Kylie maju, rambutnya dikuncir tinggi, wajah serius.
Ia mengambil senjata dan bersiap. Di belakangnya, Niken dan Dira juga mengambil posisi.
DOR! DOR! DOR!
Tembakan demi tembakan dilepas. Hasilnya bervariasi, tapi Kylie terlihat paling stabil.
Letnan Guntur berkata:
"Kelompok ini akan digabungkan dengan unit utama untuk simulasi lusa. Latihan belum selesai. Kalian semua akan tidur dengan senjata di samping kalian. Anggap saja... besok bisa jadi hari terakhir."
Kylie menoleh ke arah Thom sejenak, matanya menantang.
Thom membalas dengan senyum tipis, dan Sony berbisik, "Kita bukan satu-satunya yang serius di sini."
Karin hanya melirik Kylie sebentar, lalu kembali fokus menyiapkan senjatanya.
Letnan Miko memberi aba-aba.
"Semua bubar.
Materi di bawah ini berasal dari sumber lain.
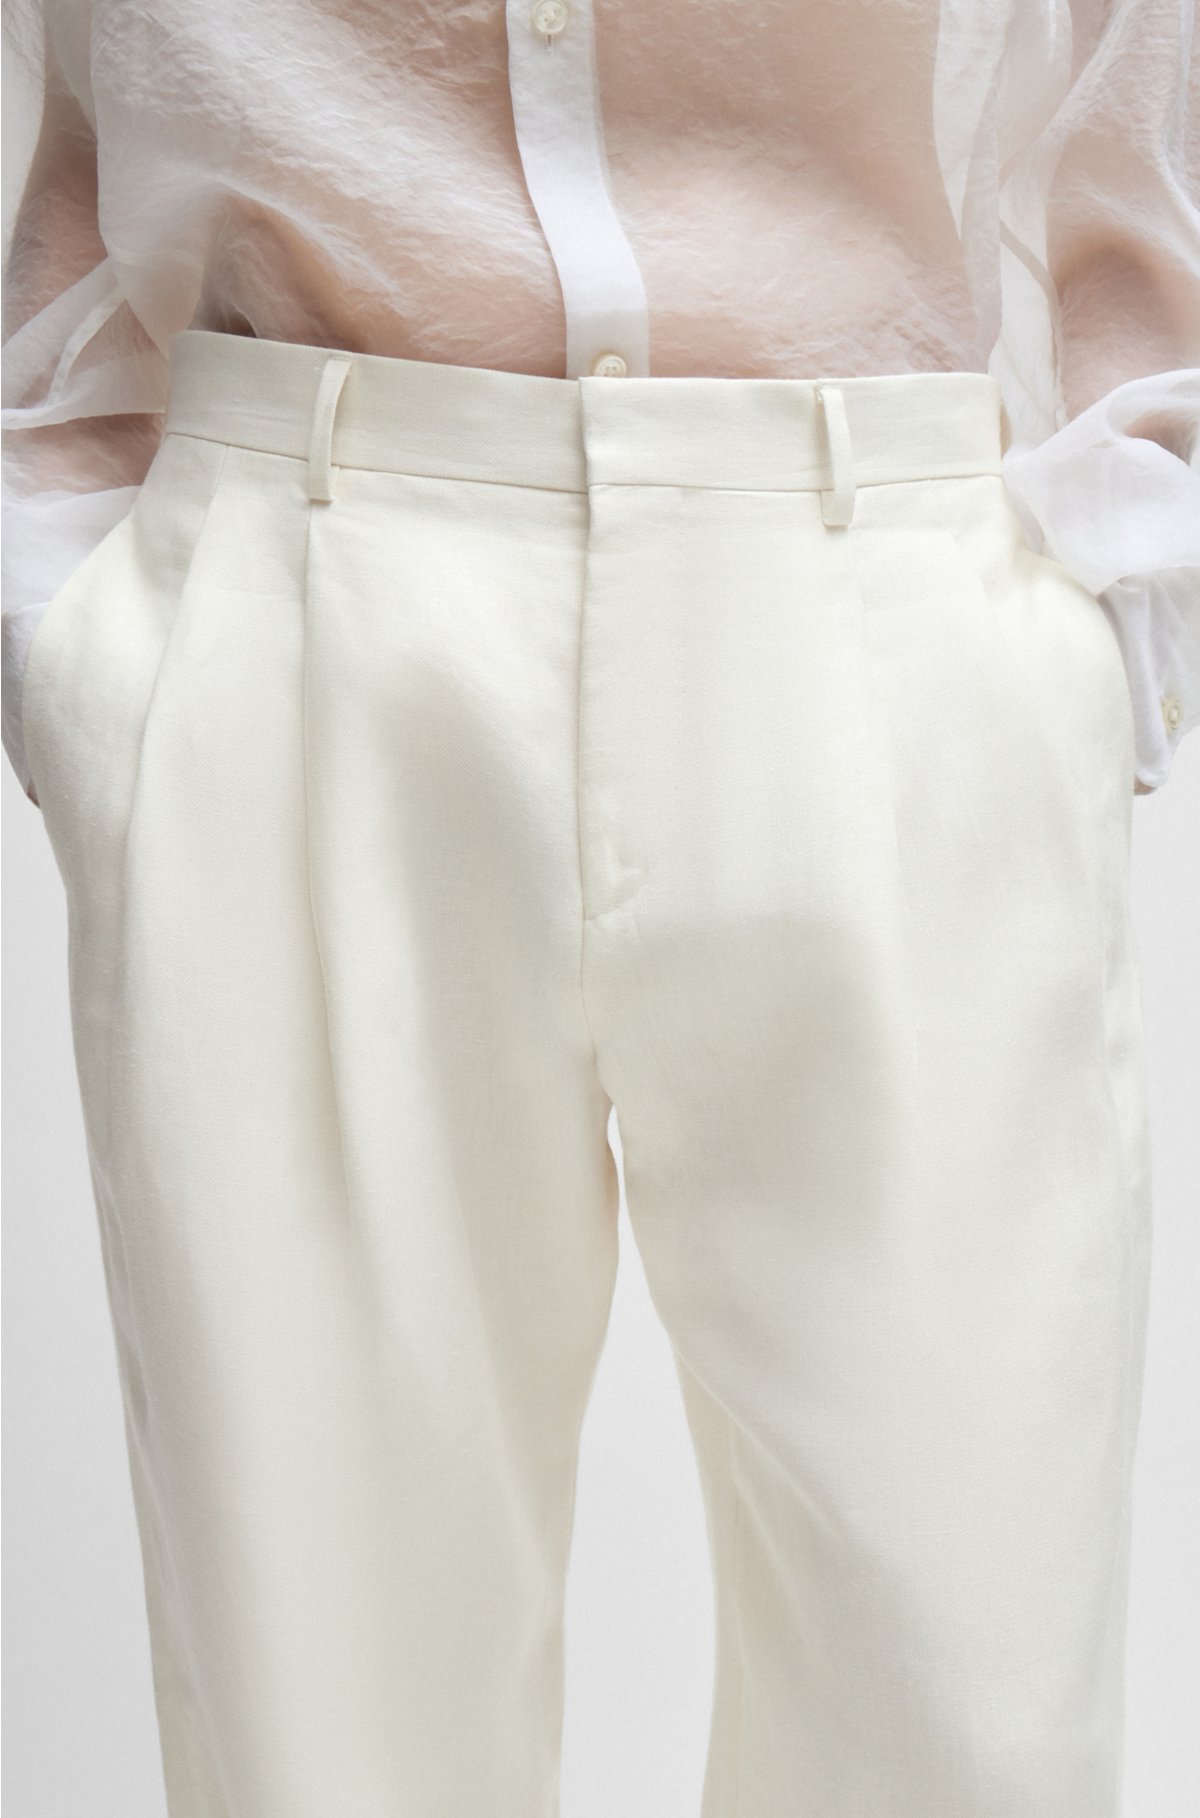 Relaxed-fit trousers in micro-patterned linen, White

Istirahat. Lusa kita perang mainan. Tapi jangan kaget kalau besok perang beneran datang duluan."
Peserta mulai bubar, suasana hening tapi tegang.
Malam itu, api unggun menyala hangat di tengah lapangan.
Langit mendung, tapi belum turun hujan. Para peserta duduk melingkar, sebagian masih mengenakan seragam latihan yang basah oleh keringat. Letnan Miko berdiri tegap di tengah lingkaran.
"Santai dulu, ini belum perang. Lusa baru kalian rasakan simulasi serangan. Malam ini, kita pelajari yang paling dasar tapi vital—manajemen peluru."
Ia membuka kotak logam, memperlihatkan beberapa magasin dan peluru.
"Ini 5.56mm. Kecil, tapi bisa menyelamatkan hidup lo kalo lo tahu cara gunainnya."
Satu per satu, ia tunjukkan cara mengisi magasin.
"Tekan bagian belakang peluru ke bibir magasin, dorong masuk. Jangan paksa kalau udah penuh."
Thom fokus memperhatikan, Sony menyenggol Reno yang masih kebingungan.
"Lo bukan ngisi slot memory, Ren. Ini bukan game."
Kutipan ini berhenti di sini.